Vers un modèle reproductible ?
Les acteurs locaux espèrent désormais élargir le spectre des activités génératrices de revenus – transformation du manioc, élevage léger, tourisme vert – sans perdre l’ADN initial fondé sur l’accueil d’enfants vulnérables. Une mission exploratoire conjointe est annoncée pour le premier semestre 2025 afin d’évaluer l’implantation d’un micro-laboratoire de biologie appliquée aux produits apicoles, domaine où Saint-Marin affiche un savoir-faire reconnu.
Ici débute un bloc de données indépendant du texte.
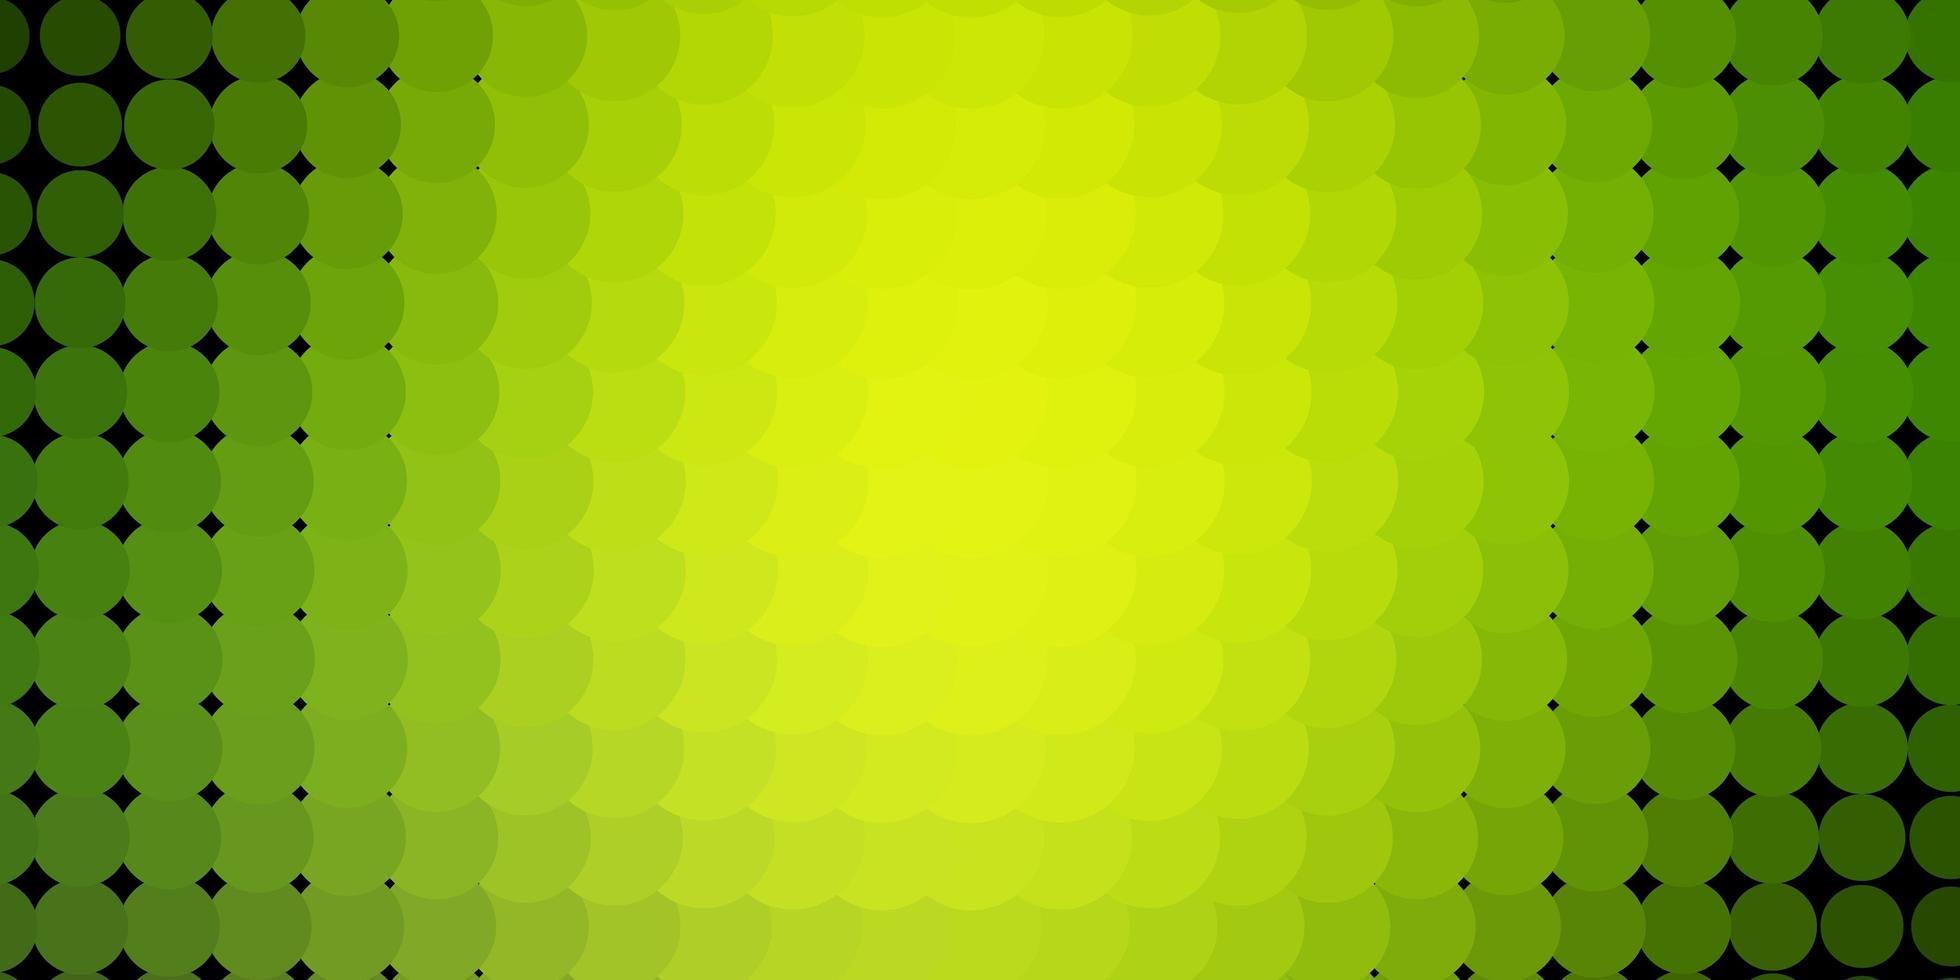 lichtgroene, gele vectorachtergrond met cirkels. vector

L’objectif affiché est clair : passer d’une assistance ponctuelle à une coopération scientifique pérenne.
L’engagement à hauteur d’enfant, conclusion ouverte
Au centre des ruelles bordées d’acacias, la bibliothèque d’AMACO reste éclairée tard le soir. Sur les écrans, les collégiens révisent un cours de géographie tandis que le bourdonnement des ruches, plus loin dans la savane, rappelle le pari fait sur la nature. De ce dialogue entre un micro-État européen et une communauté rurale congolaise naît un récit de coopération où la dimension humaine prime sur la grandiloquence. Il appartient désormais aux parties prenantes de consolider cette dynamique pour que l’abeille, modeste et industrieuse, demeure le symbole d’une insertion réussie et d’une diplomatie au service du développement.